What UK brand is harmless for frogs. 

(some forums dont want brandnames because of advertising, but in that case: Please pm)


----------



## salix (Mar 28, 2008)

Any kind of a acrylic craft paint would be fine. The secret to making rocks look real is "dry brushing". In this case, less is more.

You generally want to have a darker base coat with fairly solid coverage. For variety, you can have different shades splotched here and there. Then you would use the dry brush technique to slowly layer your colors until you achieve the look you want.

If you run a search on dry brushing, you should have no problems finding lots of info on the technique. If you want to practice or have a demo, go to a crafts store where they paint ceramics.

Good luck!


----------



## Jason (Oct 14, 2004)

Check out this thread. There is a lot of information, but well worth the read.

parts-construction/topic22606.html


----------



## RogerT (Sep 5, 2008)

salix said:


> Any kind of a acrylic craft paint would be fine. The secret to making rocks look real is "dry brushing". In this case, less is more.
> 
> You generally want to have a darker base coat with fairly solid coverage. For variety, you can have different shades splotched here and there. Then you would use the dry brush technique to slowly layer your colors until you achieve the look you want.
> 
> ...


Hi, 

Acrylic paints based on water also contain PU's and have a chemical damp which according to dutch paint company's can take for months to fume out. 

So are you sure?

Because all people who told me its safe to use, never applied it themselves in their tanks. For a fact: I havent found anyone yet with proof that its in their tank and without any deaths or issue's. 

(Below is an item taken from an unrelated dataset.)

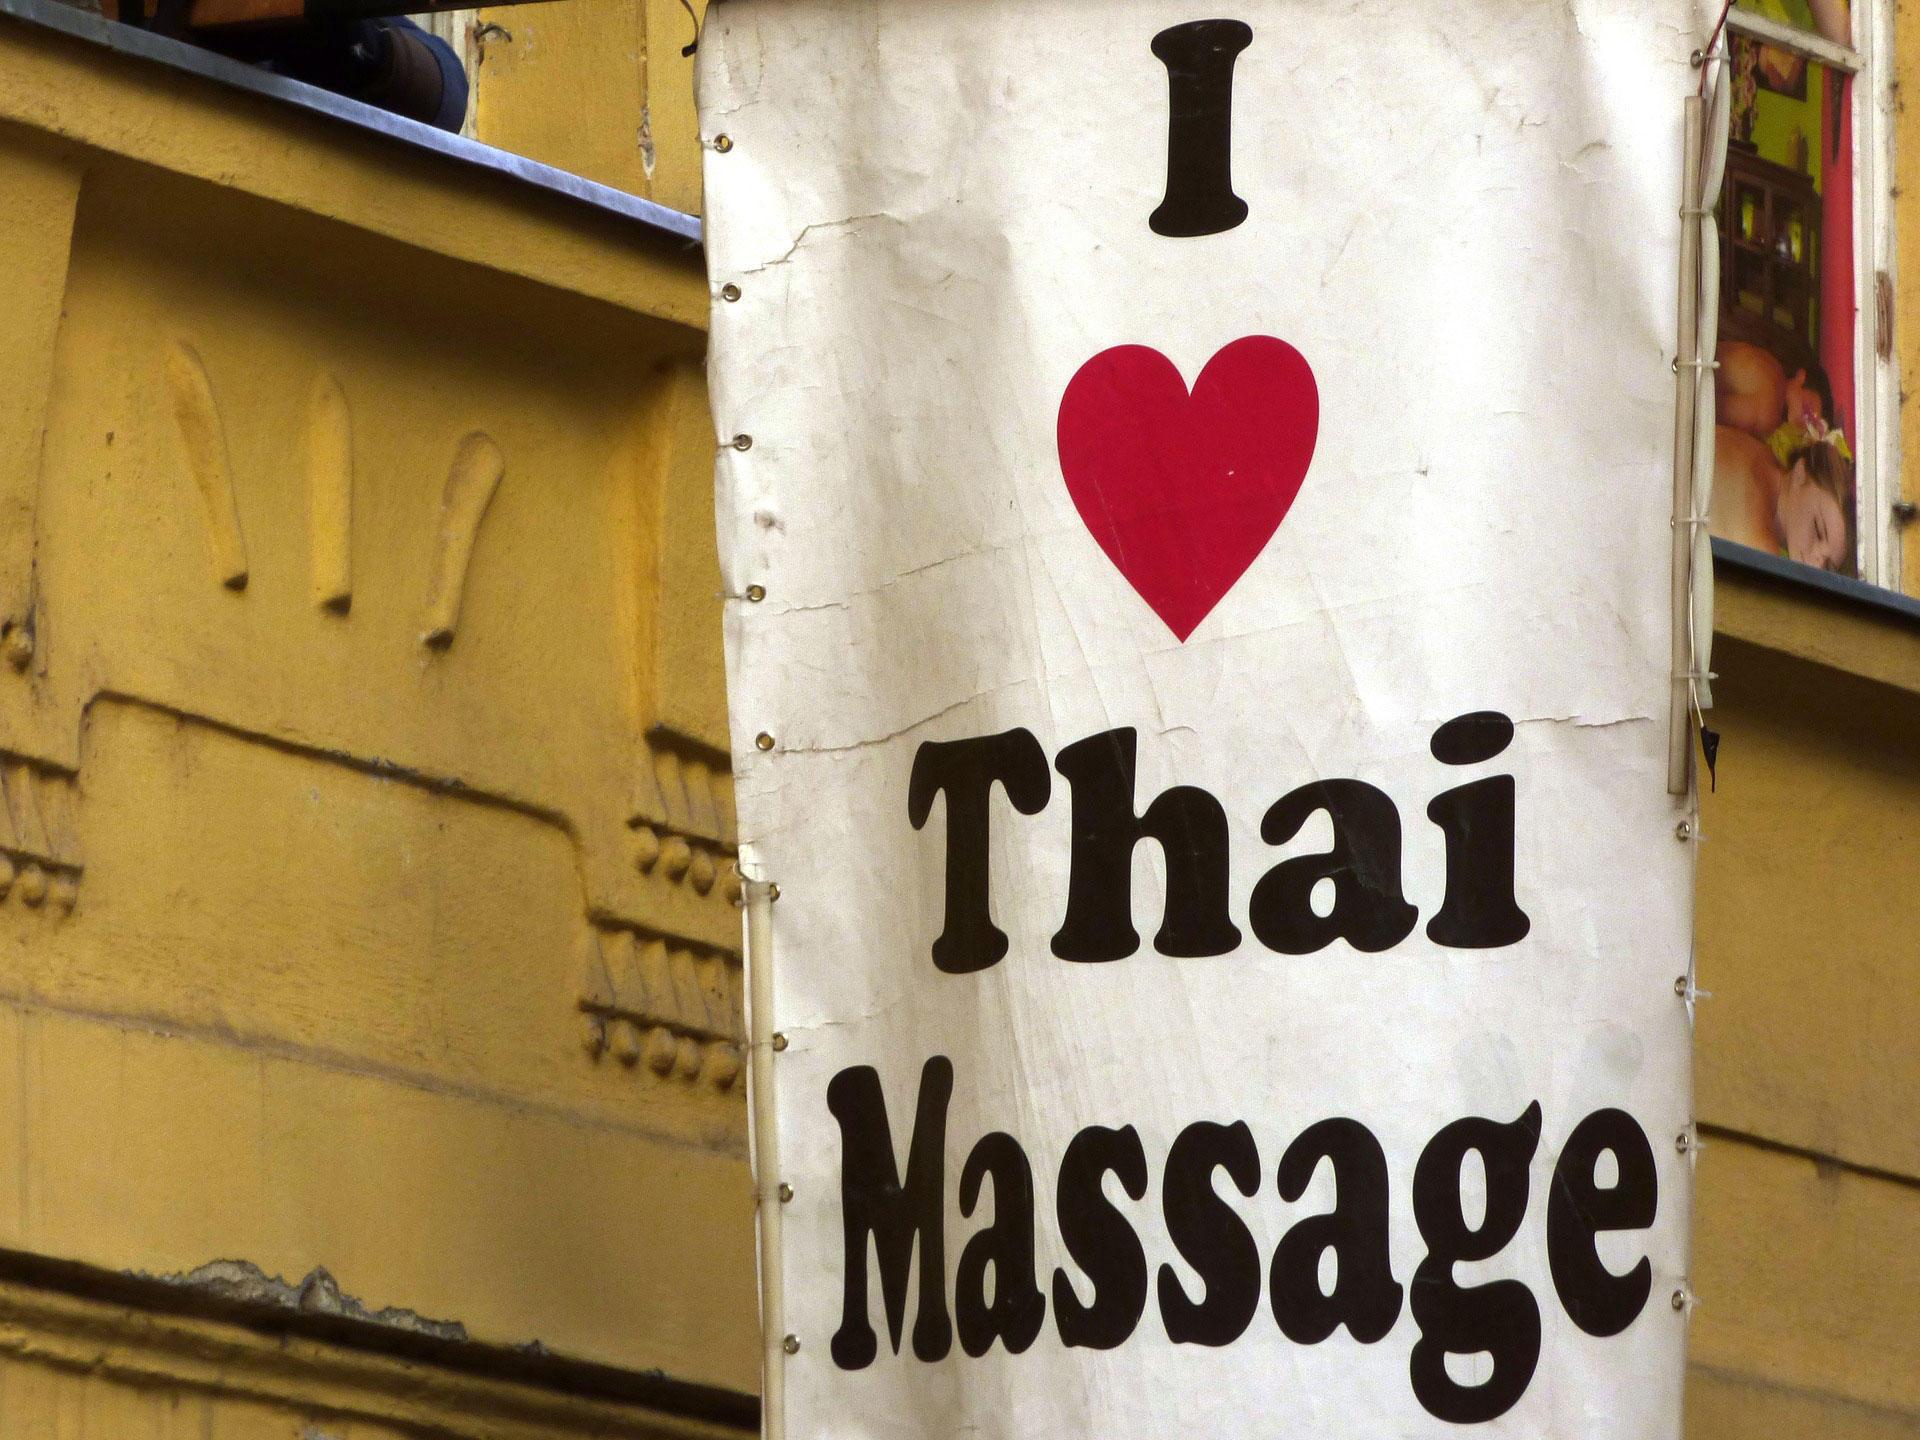 タイ古式マッサージの凄い効果と魅力|町田deマッサージ!

Since im going to place about 4-5 tinc. matecho and 4 pumi. almirante in the tank, im extra extra carefull. (since thats a fortune here). 

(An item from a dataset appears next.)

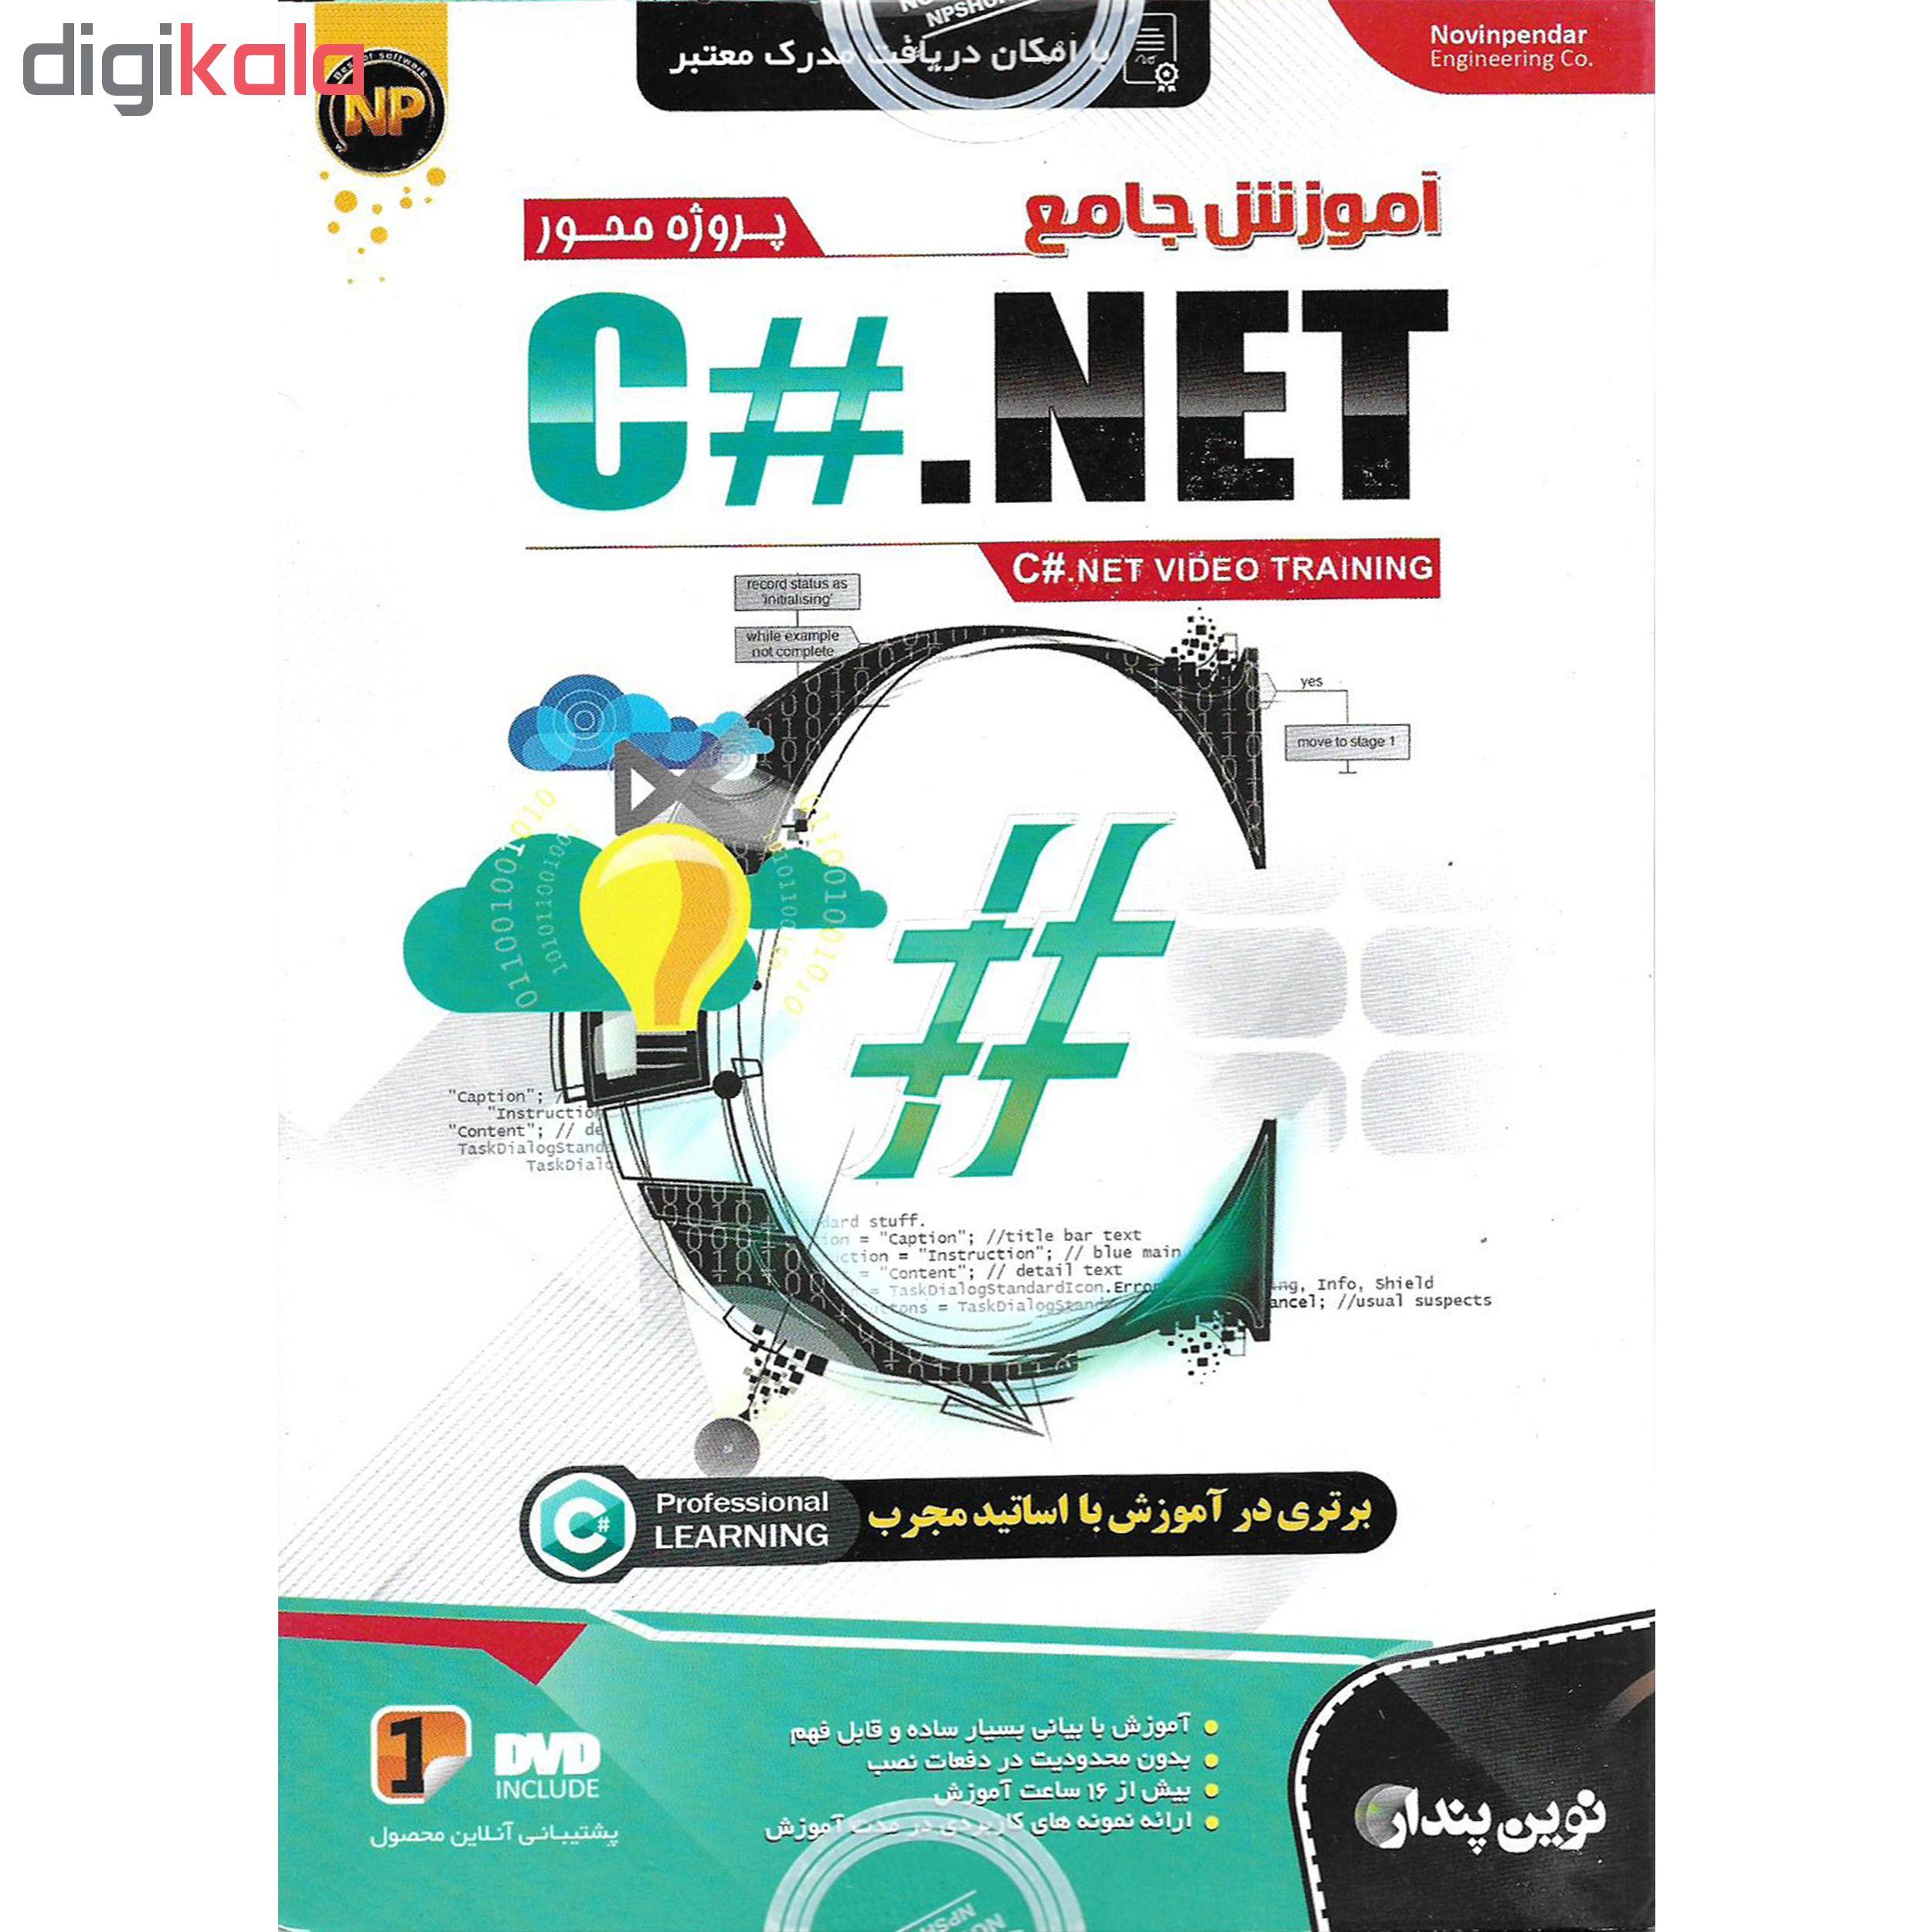 نرم افزار آموزش پروژه محور C#.NET نشر نوین پندار به همراه نرم افزار آموزش ++C نشر پدیده

The above link doesnt work for me.


----------



## MJ (Jun 16, 2005)

I use acrylic paints in vivaria with no issue (system 3) 

The paint is the least of your worries with that mix of frogs even in a large vivarium mate.


----------



## zBrinks (Jul 16, 2006)

Methinks those tincs are going to get the smackdown.


----------



## RogerT (Sep 5, 2008)

Perhaps, or not. I have had Azureus with bastimentos for 2 years before i ran out of space and I have had the same advice with Terribilis and imitator, and both do fine till this moment. People claimed over and over it didnt work that one would eat the other or dominate the other and it worked with breeding results. Now im planning to place them in 150x150x60, but a friend of mine had great breeding results with an azureus couple and blue jeans BIG couple in 50x50x50. I have also had an group of 5 mature Azureus females in a 100x60x50 tank which people told me: impossible. And it worked for 2 years without any issue. Anyway debate that doesnt belong here.. 

Back to paint shall we?  

If anyone has any advices. please help me


----------



## Nubster (Jun 16, 2008)

Everyone seems to be using craft store acrylic paint with no issues.


----------



## ds51 (Oct 13, 2017)

you could use child friendly paint
that is used for painting baby's cots and some wooden toys


----------



## SoloSK71 (Dec 25, 2018)

Have you tried calling or e-mailing Zoopoxy/PolyGem?

Solo


----------



## Socratic Monologue (Apr 7, 2018)

The ten year update on the paint situation (and the frog mix) ought to be interesting.


----------